→ Task instructions
With pictures excluded, repeat exactly the lines from the one containing "Comprar Apartamentos /" through the last line of the material below.
---- Data below
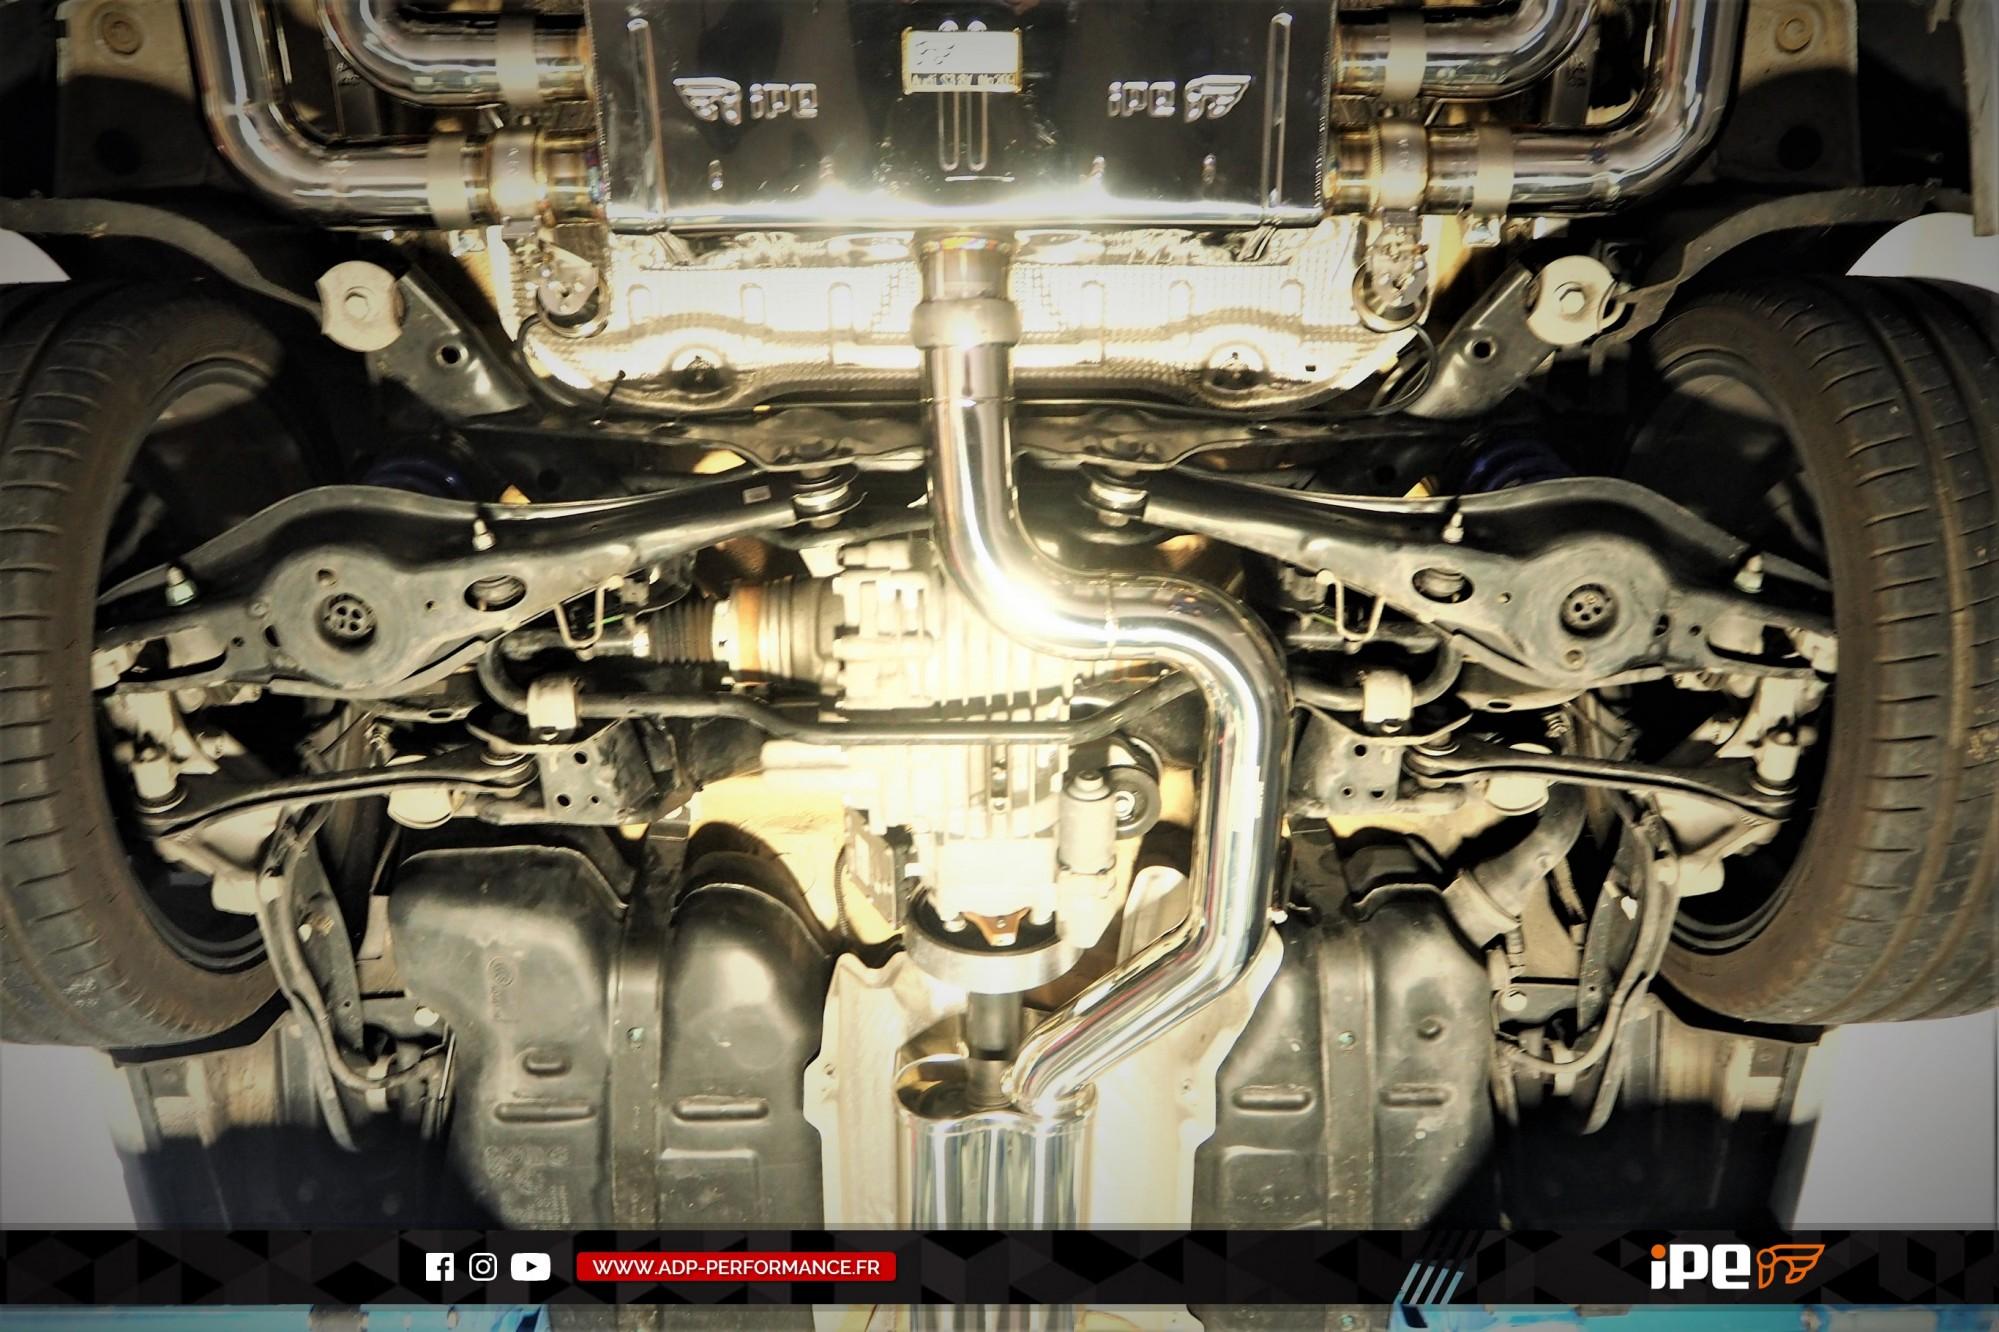 Ligne d'échappement (cat-back) iPE Innotech Aix en Provence - Audi S3 8V - ADP Performance
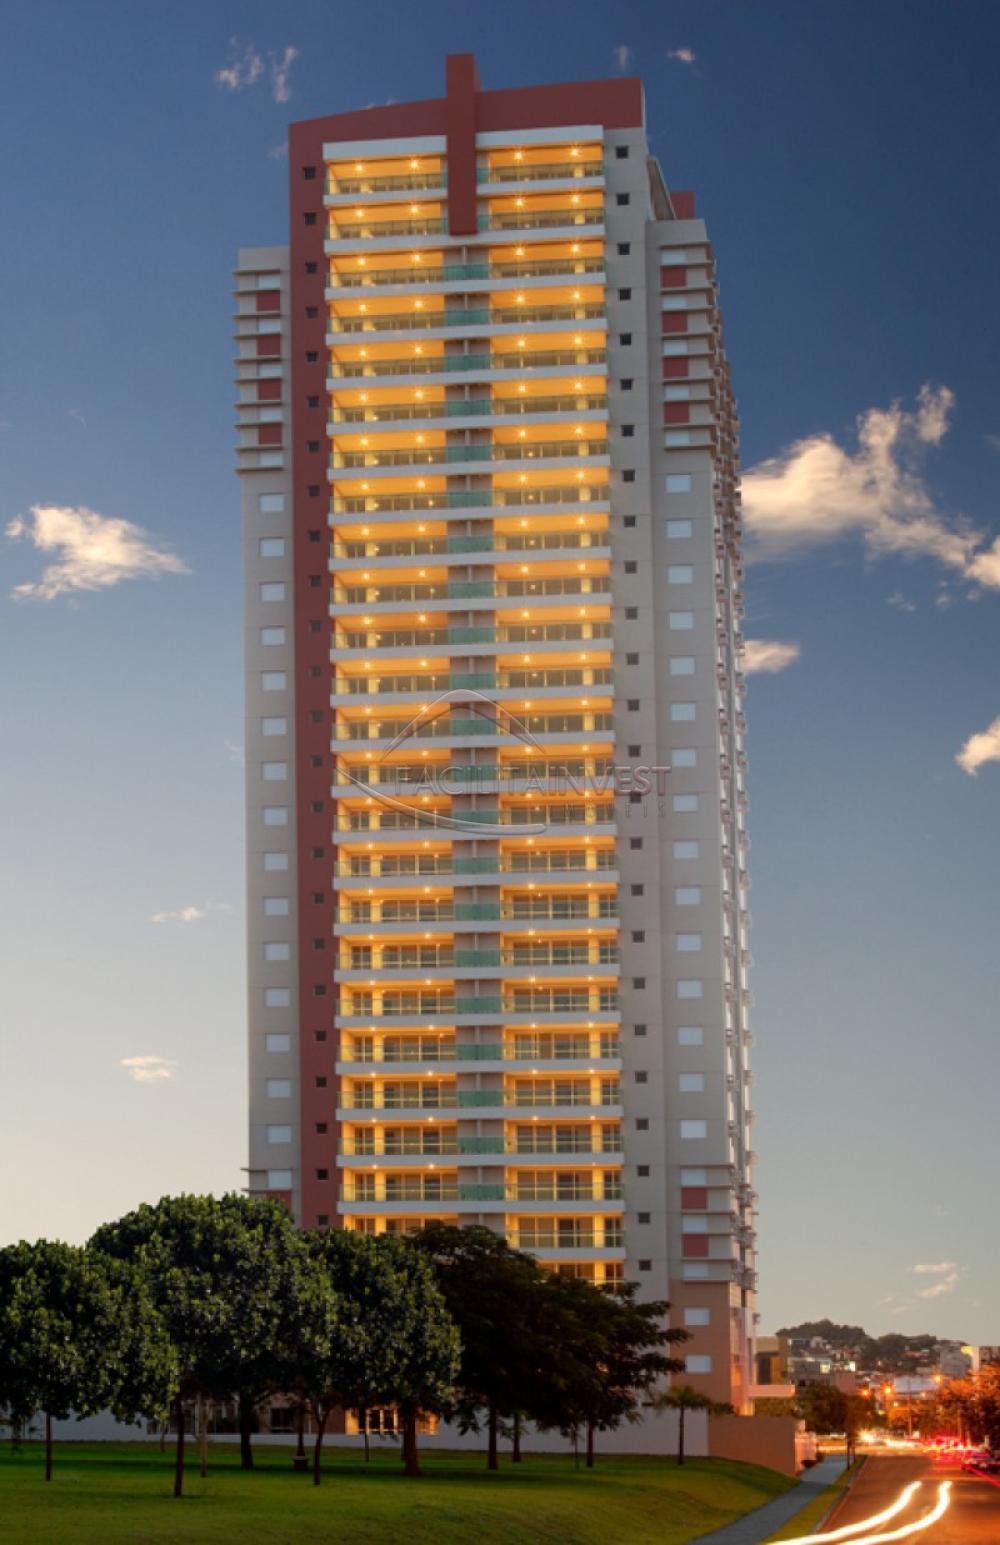 Comprar Apartamentos / Cobertura em Ribeirão Preto apenas R$ 1.750.000,00 - Foto 29
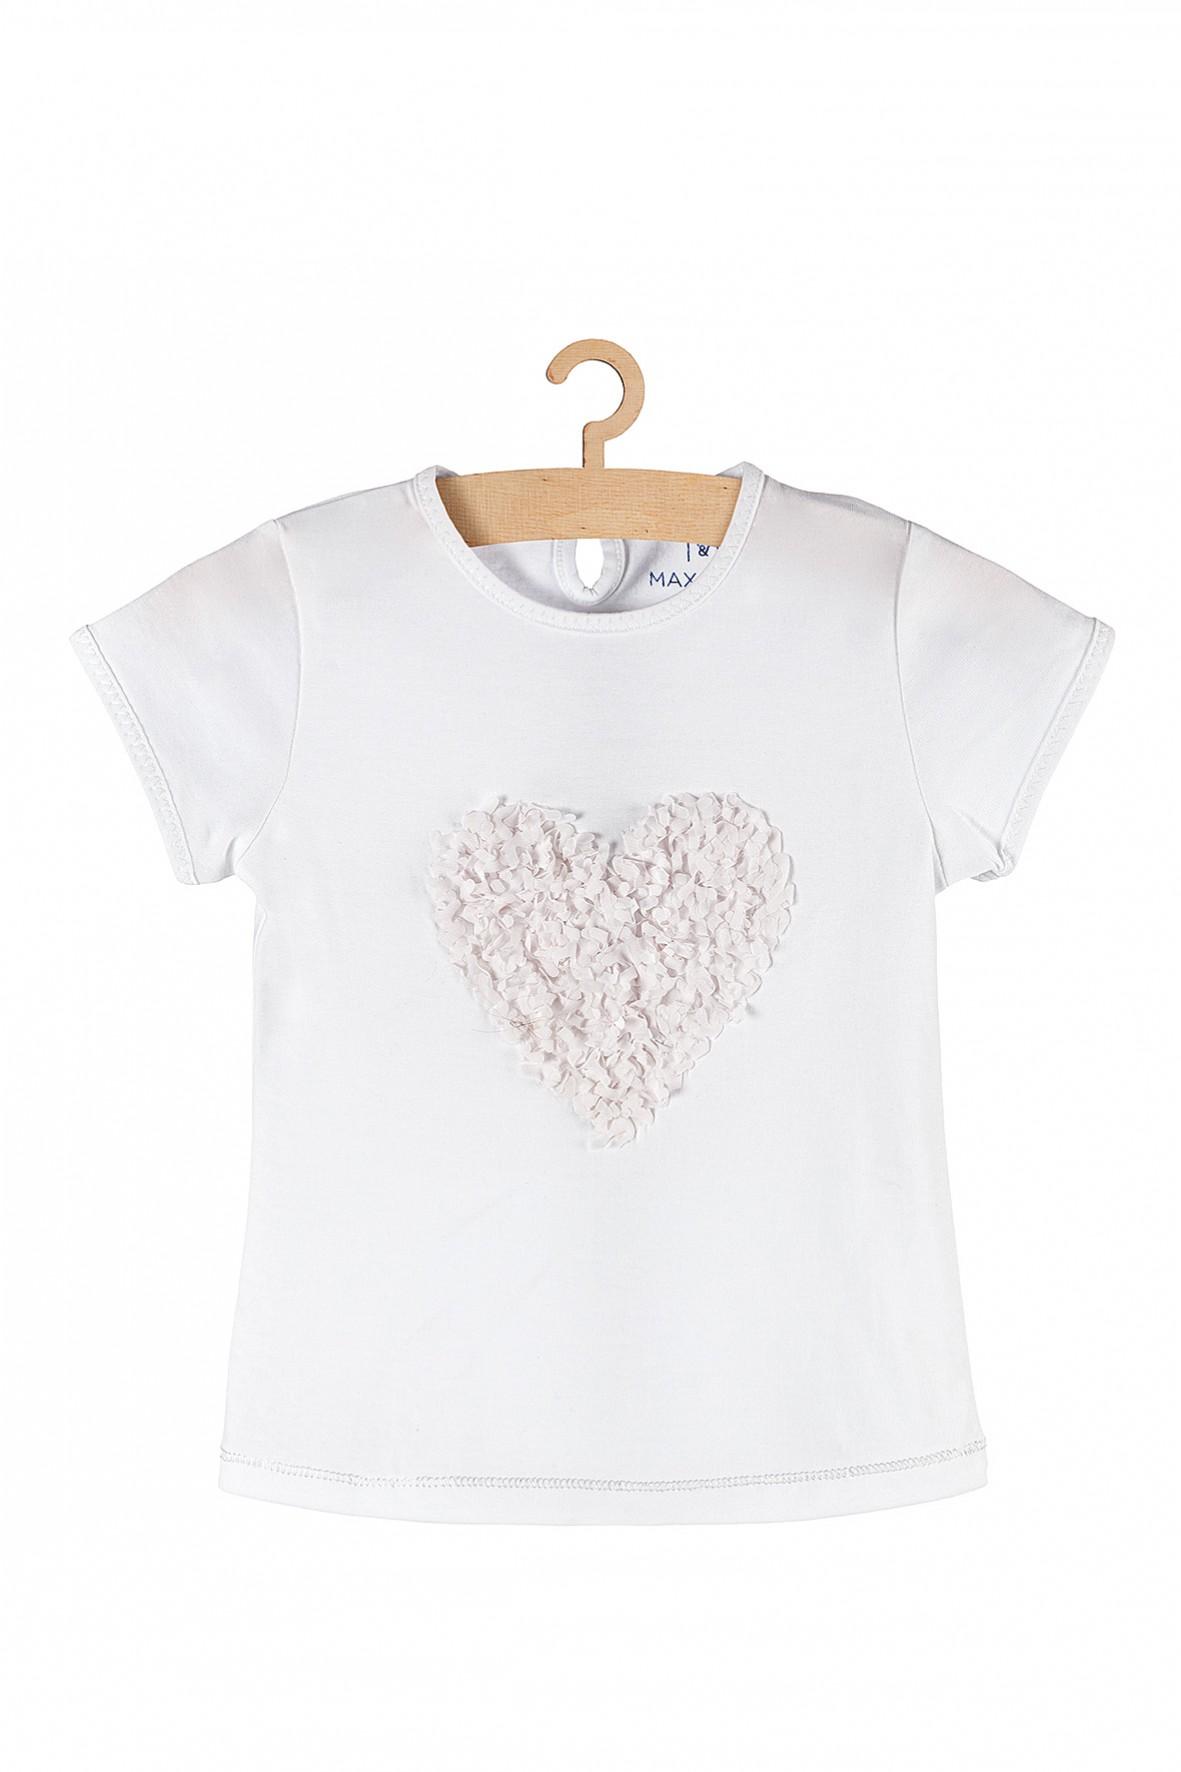 T-shirt dziewczęcy biały z serduszkiem
--------
→ Output for this exercise
 Comprar Apartamentos / Cobertura em Ribeirão Preto apenas R$ 1.750.000,00 - Foto 29
 T-shirt dziewczęcy biały z serduszkiem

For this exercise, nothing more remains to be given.